Question

This seems like it should be a simple thing but after hours of searching I've found nothing...

I've got a function that reads an input string from stdin and sanitizes it. The problem is that when I hit enter without typing anything in, it apparently just reads in some junk from the input buffer.

In the following examples, the prompt is "input?" and everything that occurs after it on the same line is what I type. The line following the prompt echoes what the function has read.

First, here is what happens when I type something in both times. In this case, the function works exactly as intended.

input? abcd
abcd
input? efgh
efgh

Second, here is what happens when I type something in the first time, but just hit enter the second time:

input? abcd
abcd
input?
cd

And here is what happens when I just hit enter both times:

input?
y
input?
y

It happens to return either 'y' or '@' every time when I run it anew. 'y' is particularly dangerous for obvious reasons.

Here is my code:

#include <stdio.h>
#include <stdlib.h>

#define STRLEN 128

int main() {
    char str[STRLEN];
    promptString("input?", str);
    printf("%s\n", str);
    promptString("input?", str);
    printf("%s\n", str);

    return EXIT_SUCCESS;
}

void promptString(const char* _prompt, char* _writeTo) {    
    printf("%s ", _prompt);
    fgets(_writeTo, STRLEN, stdin);
    cleanString(_writeTo);

    return;
}

void cleanString(char* _str) {
    char temp[STRLEN];
    int i = 0;
    int j = 0;

    while (_str[i] < 32 || _str[i] > 126) 
        i++;

    while (_str[i] > 31 && _str[i] < 127) {
        temp[j] = _str[i];
        i++;
        j++;
    }

    i = 0;
    while (i < j) {
        _str[i] = temp[i];
        i++;
    }
    _str[i] = '\0';

    return;
}

I've tried various methods (even the unsafe ones) of flushing the input buffer (fseek, rewind, fflush). None of it has fixed this.

How can I detect an empty input so that I can re-prompt, instead of this annoying and potentially dangerous behavior?

Was it helpful?

Solution

This part of cleanString

 while (_str[i] < 32 || _str[i] > 126) 
      i++;

jumps over \0 when the string is empty.

You should add _str[i] != '\0' into the loop's condition.

To detect an empty string, simply check it's length just after the input:

do {
  printf("%s ", _prompt);
  fgets(_writeTo, STRLEN, stdin);
} while (strlen(_writeTo) < 2);

(comparing with two because of '\n' which fgets puts into the end of buffer)

OTHER TIPS

Why do you have a bunch of variable names with leading underscores? That's nasty.

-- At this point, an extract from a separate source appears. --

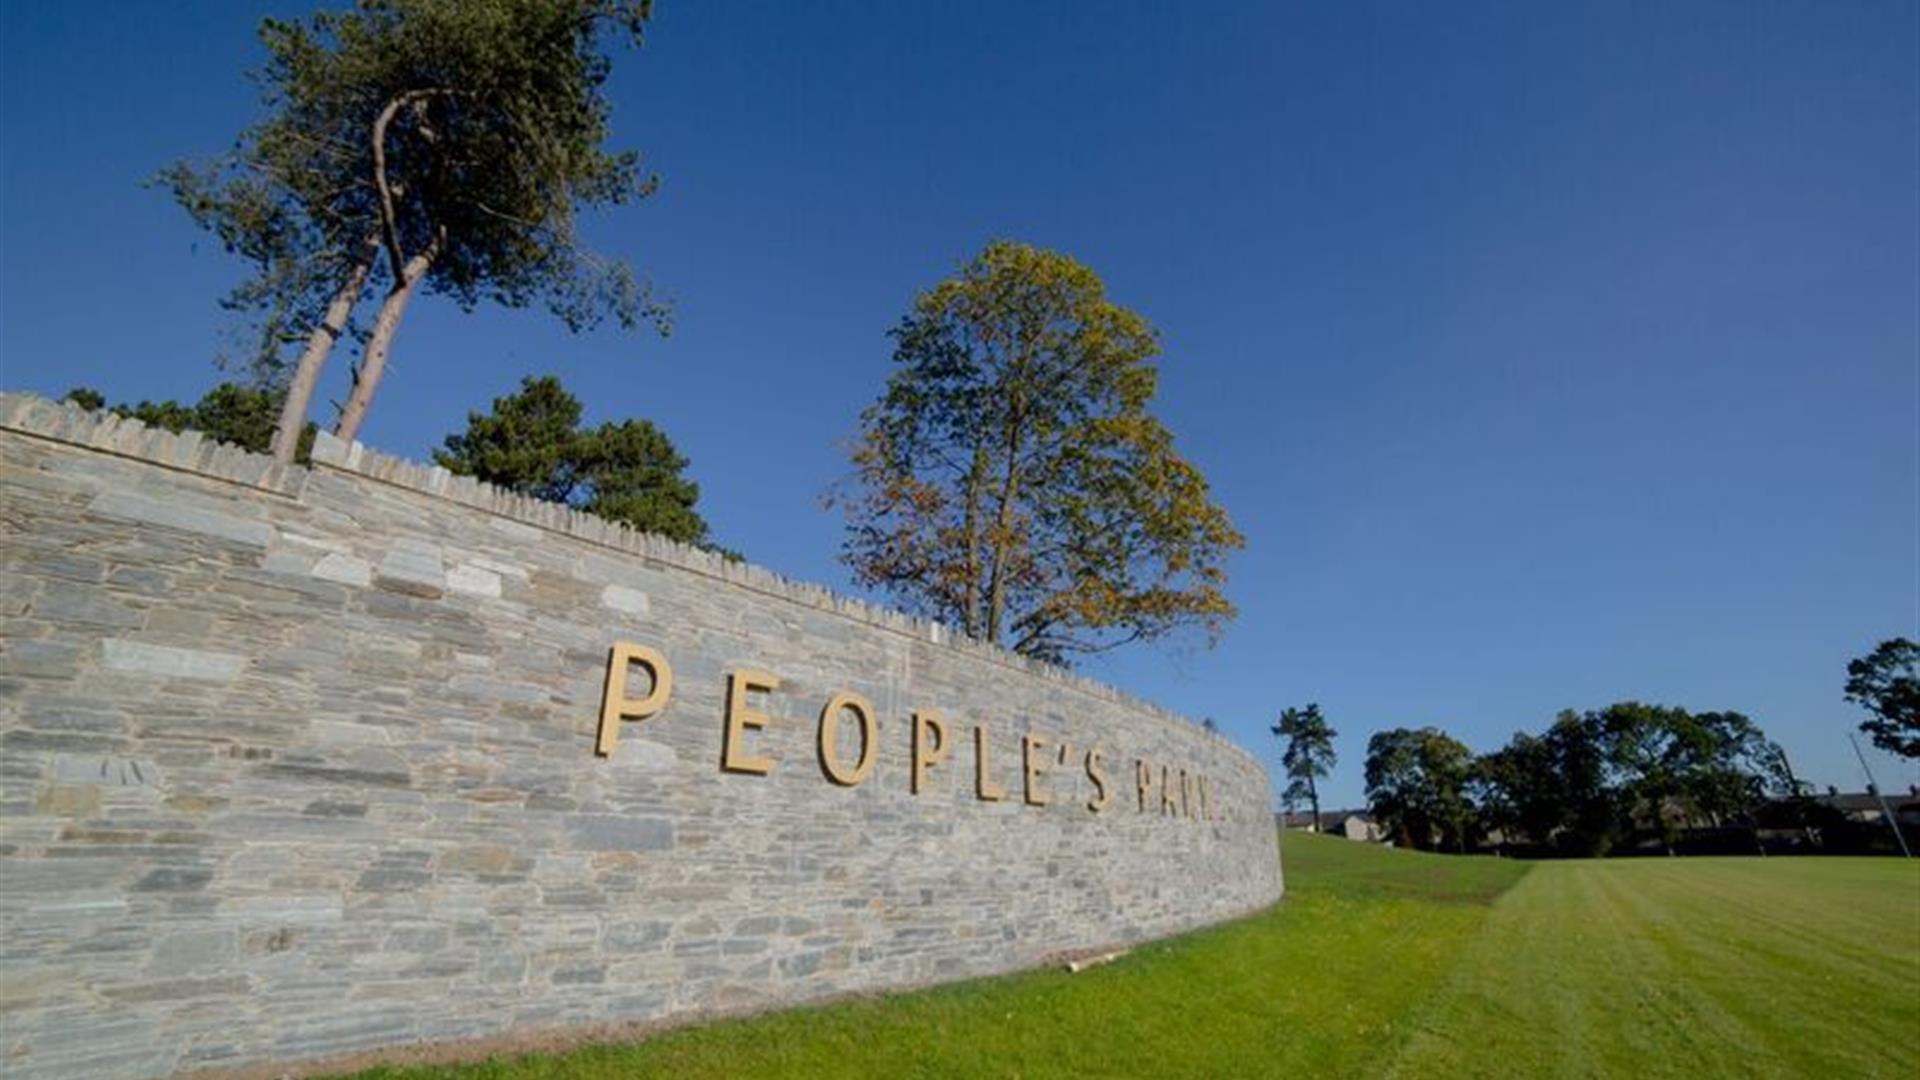 Portadown People's Park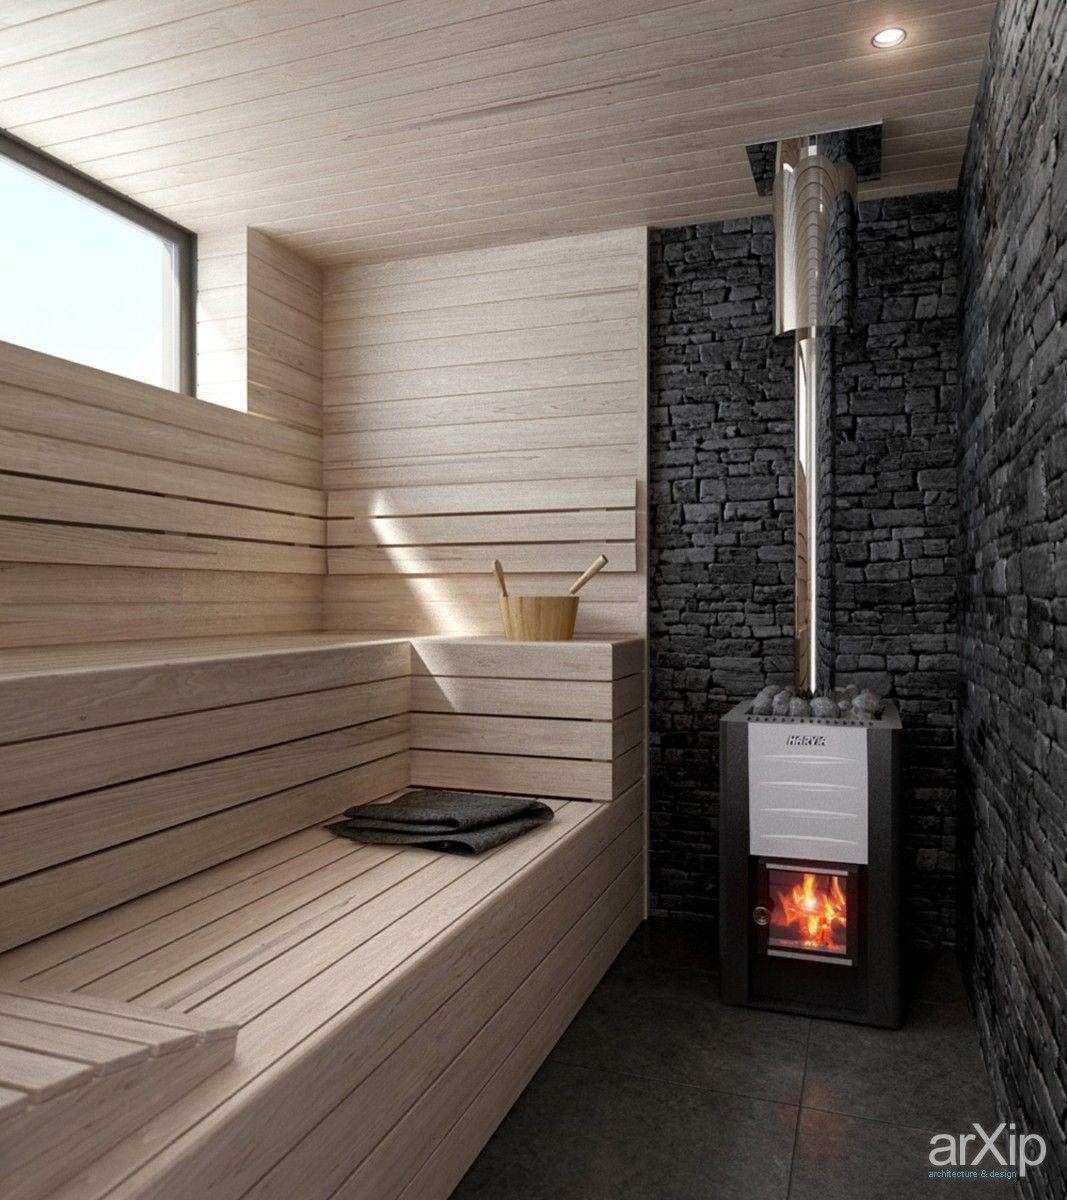 House AUS (парная+моечная) интерьер, назначение - квартира, дом   тип - баня, сауна, хамам   площадь - 10 - 20 м2   стиль - минимализм. Разместил INT2architecture на портале arXip.com

Anyway, the first thing you must do is check the return value of fgets. If it returns NULL, you didn't get any input. (You can then test feof or ferror to find out why you didn't get input.)

Moving on to cleanString, you have a while loop that consumes a sequence of non-printable characters (and you could use isprint for that instead of magic numbers), followed by a while loop that consumes a sequence of printable characters. If the input string doesn't consist of a sequence of non-printables followed by a sequence of printables, you will either consume too much or not enough. Why not use a single loop?

while(str[i]) {
    if(isprint(str[i]))
        temp[j++] = str[i];
    ++i;
}

This is guaranteed to consume the whole string until the \0 terminator, and it can't keep going past the terminator, and it copies the "good" characters to temp. I assume that's what you wanted.

You don't even really need to use a temp buffer, you could just copy from str[i] to str[j], since j can never get ahead of i you'll never be overwriting anything that you haven't already processed.